Zudem sei es für die Polizeikräfte sehr schwierig, den Nachweis einer Widerhandlung gegen das Vermummungsverbot zu erbringen, weil die Identität der Täterschaft schwer festzustellen sei. Erschwerend komme hinzu, «dass regelrechte Uniformierungen in den Fanszenen bestehen». Eine mögliche Lösung sieht die Regierung in Videoaufnahmen, um Vermummte zu identifizieren und im Nachhinein zu sanktionieren.
Verbot der Gesichtsverhüllung «soll auch symbolische Bedeutung haben»
Der Regierungsrat schreibt weiter, die Einsatzkräfte sollten sich schwergewichtig auf die Verhinderung von Sachbeschädigungen und Gewaltanwendung ausrichten. Weil die Vermummung rechtlich nur als Übertretung gilt, ist sie auch kein Grund für eine Festnahme. Wenn ein vermummter Fan oder Demonstrant keine weiteren, schwerwiegenderen Verstösse begeht, dürfte die Polizei die Person demnach nicht festnehmen.

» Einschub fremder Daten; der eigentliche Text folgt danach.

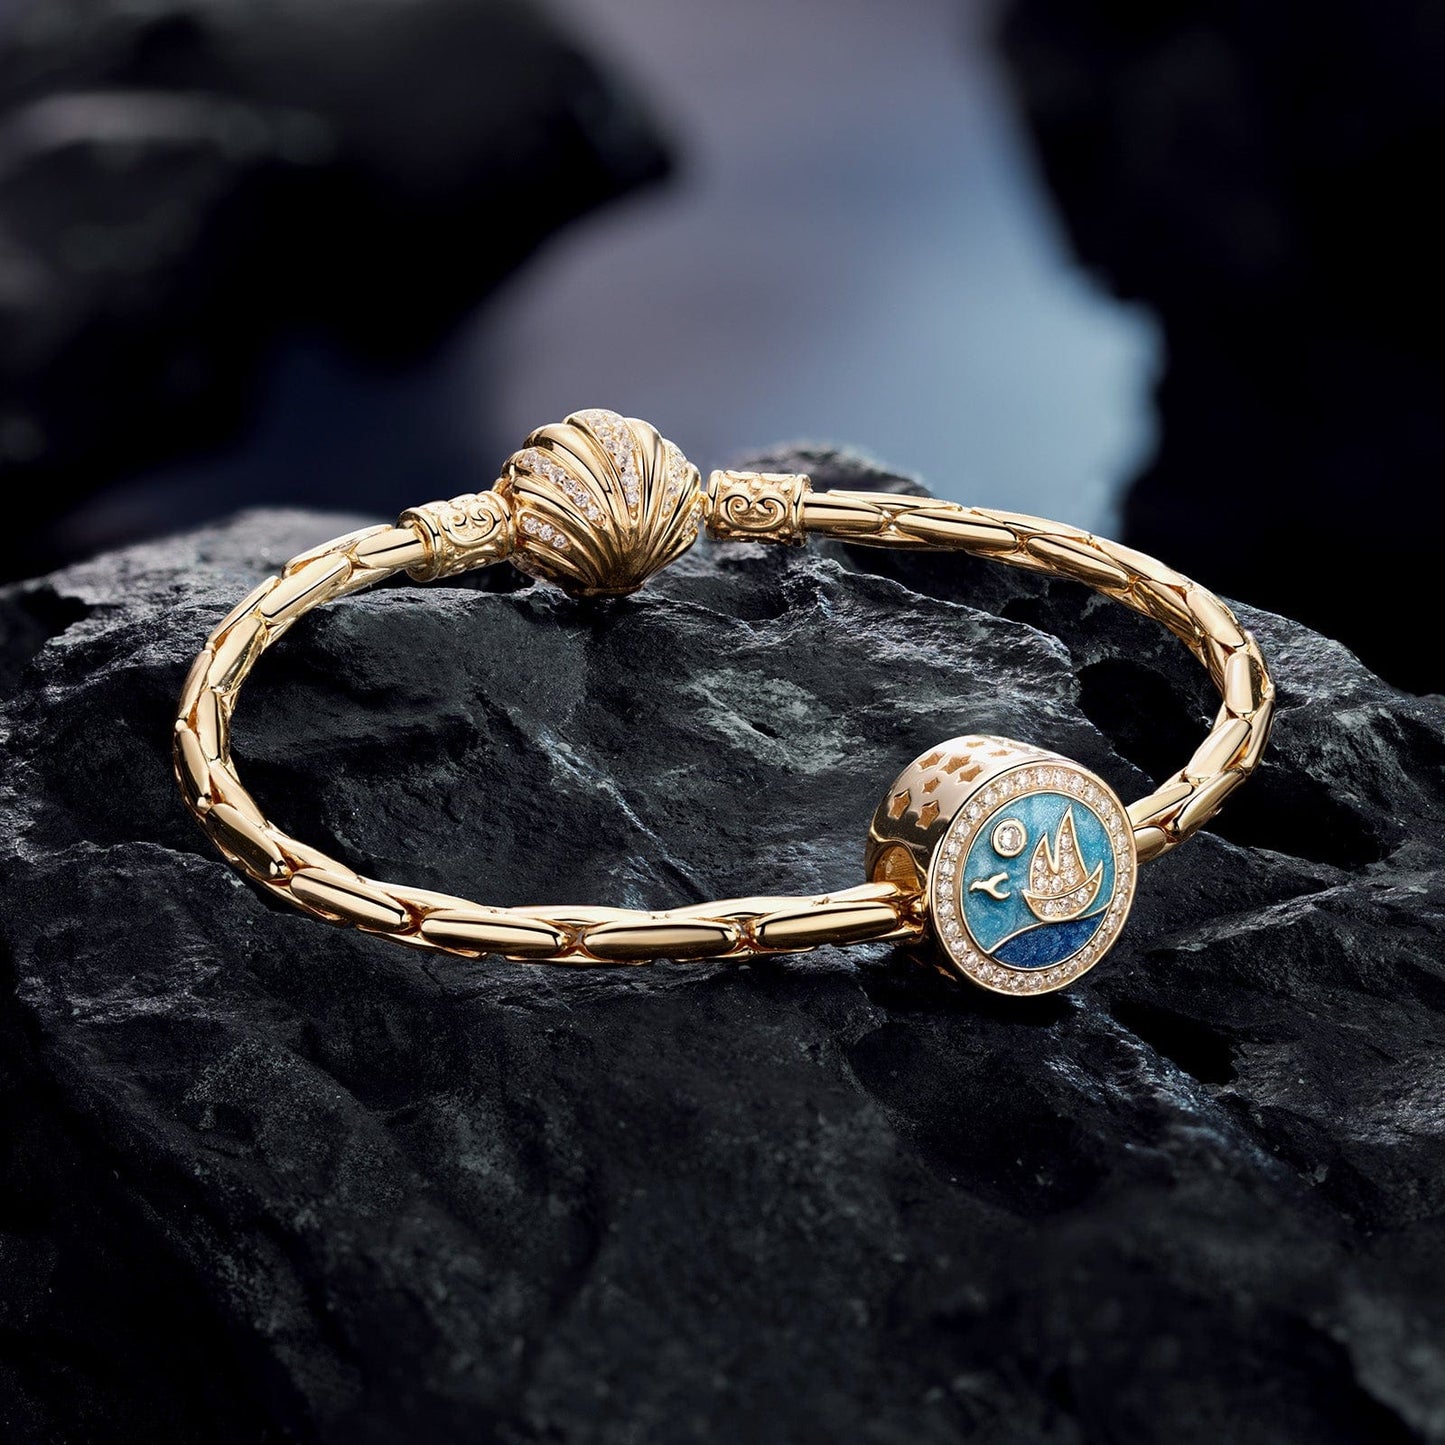 Sail Away Azure Tarnish-resistant Silver Charms With Enamel In 14K Gold Plated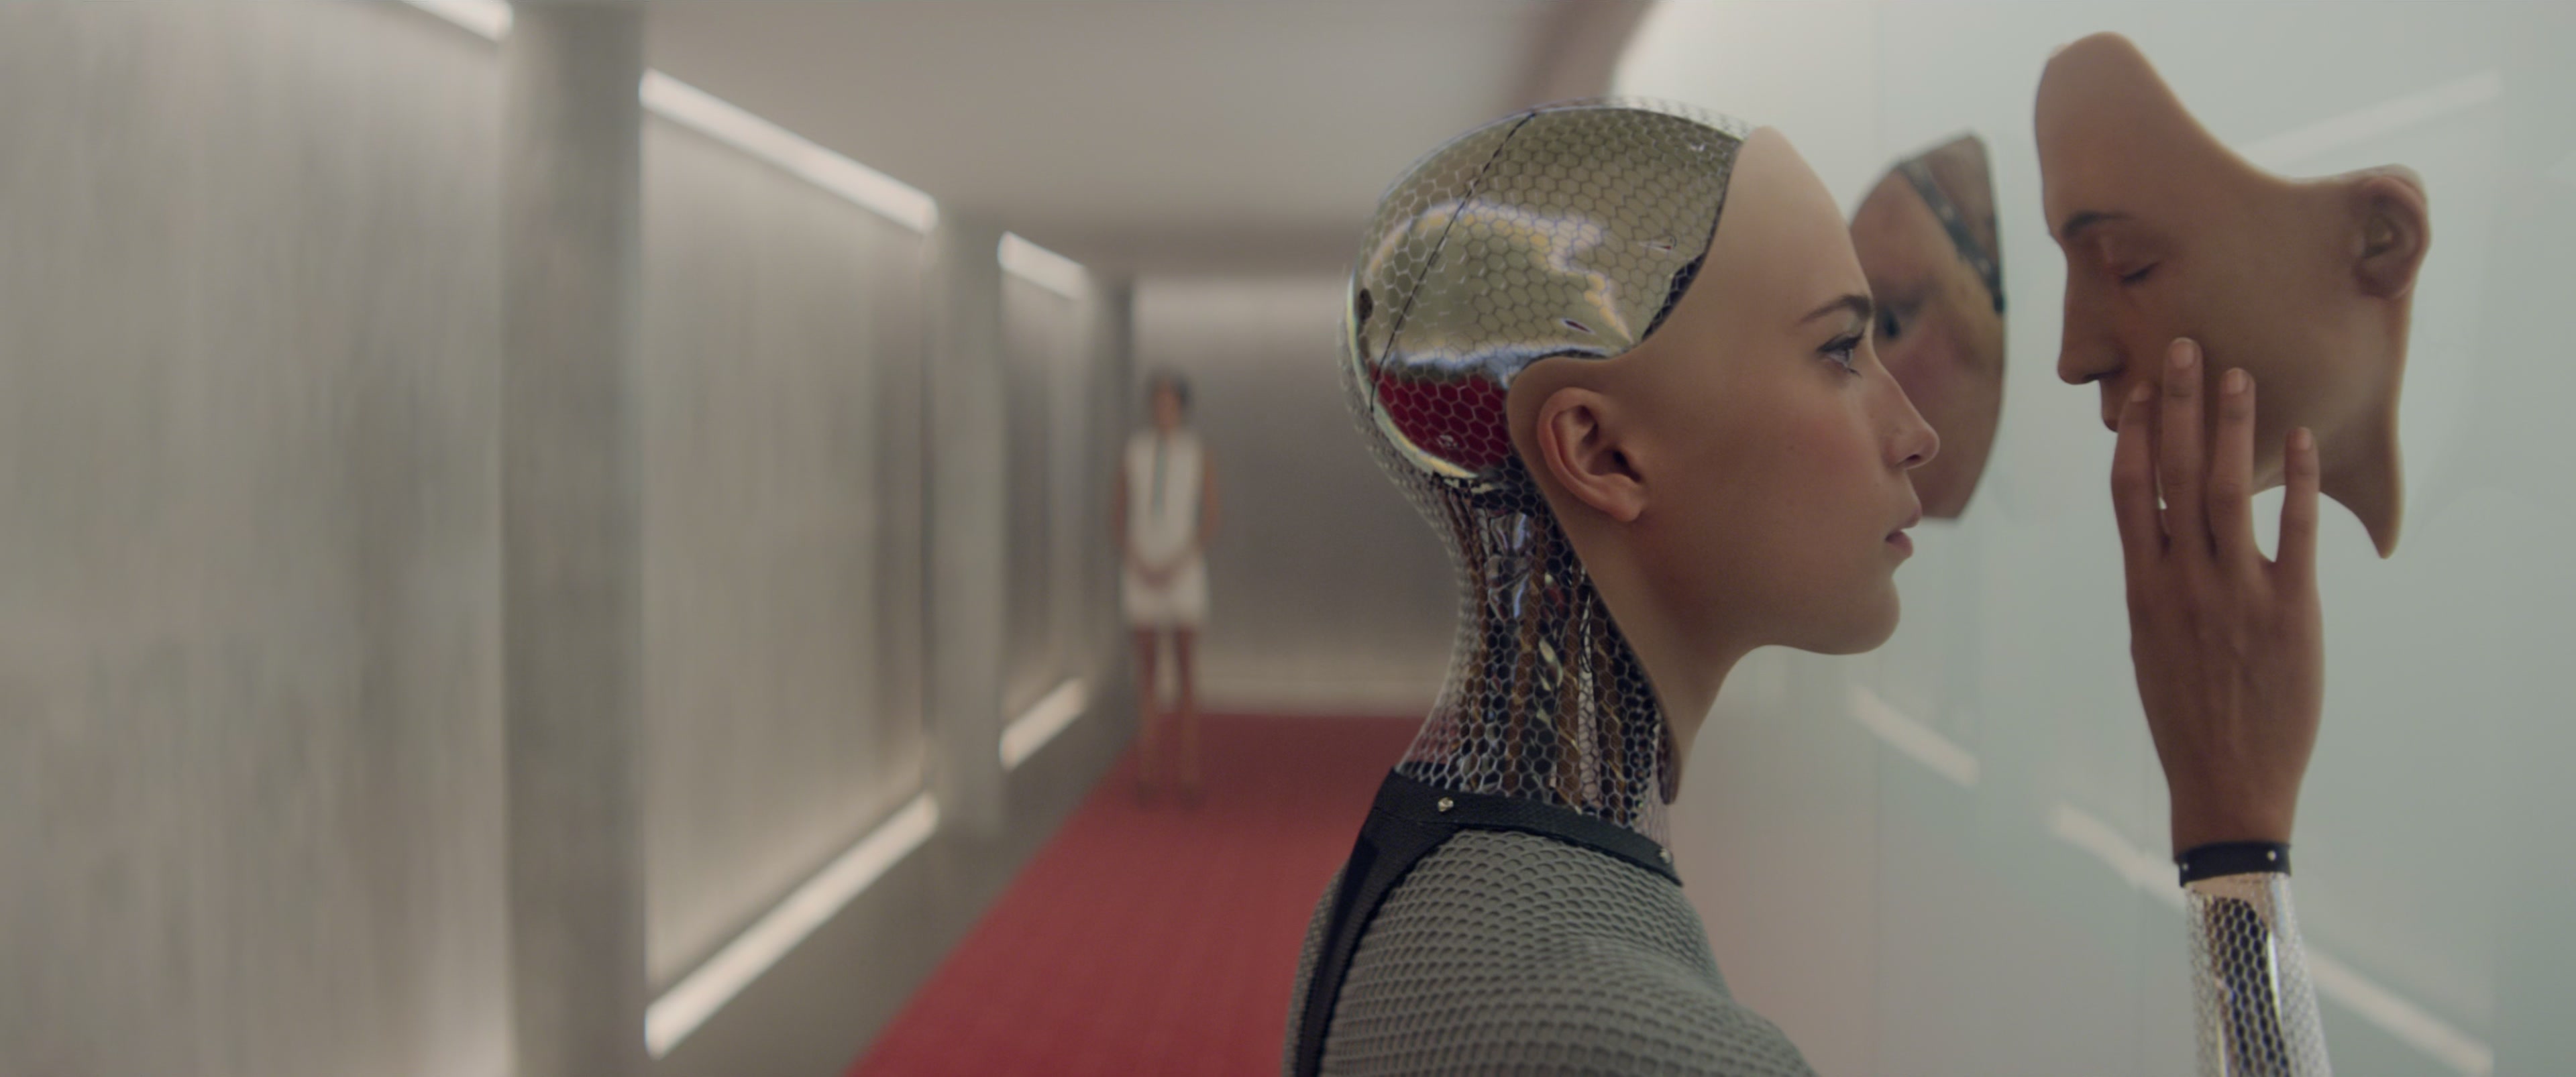 An android woman touching an artificial face hanging from a wall with a woman in a white dress standing at the far end of a futuristic looking hallway with faded red carpeting.

Trotz dieser Vorbehalte unterstützt der Regierungsrat die vorgeschlagene Verankerung des Verhüllungsverbots im Strafgesetzbuch. Für vermummte Personen, die das Ziel haben, anonym Straftaten zu begehen oder sich der Strafverfolgung zu entziehen, dürften keine rechtsfreien Räume geschaffen werden. «Die Verankerung des Verbots zur Gesichtsverhüllung soll also auch eine symbolische Bedeutung haben», schreibt die Regierung.
Weiterhin keine Meldungen von Burkaträgerinnen im Aargau
Rein symbolisch ist das Verhüllungsverbot im Aargau, wenn es um Burkaträgerinnen geht. «Allenfalls wäre es möglich, dass sich Touristinnen aus arabischen Ländern nicht an das Verhüllungsverbot halten würden. Bisher ist aber keine solche Meldung im Kanton bekannt», hält die Regierung dazu fest.
Die Vollverschleierung sei im Aargau kaum Thema und es sei nicht anzunehmen, dass dieses Phänomen «mit Flüchtlingen übermässig zunehmen wird». Aus den Ländern, wo die Burka getragen wird, kämen explizit Personen in die Schweiz, die sich mit den extremen religiösen Bräuchen nicht abfinden möchten, schreibt die Regierung.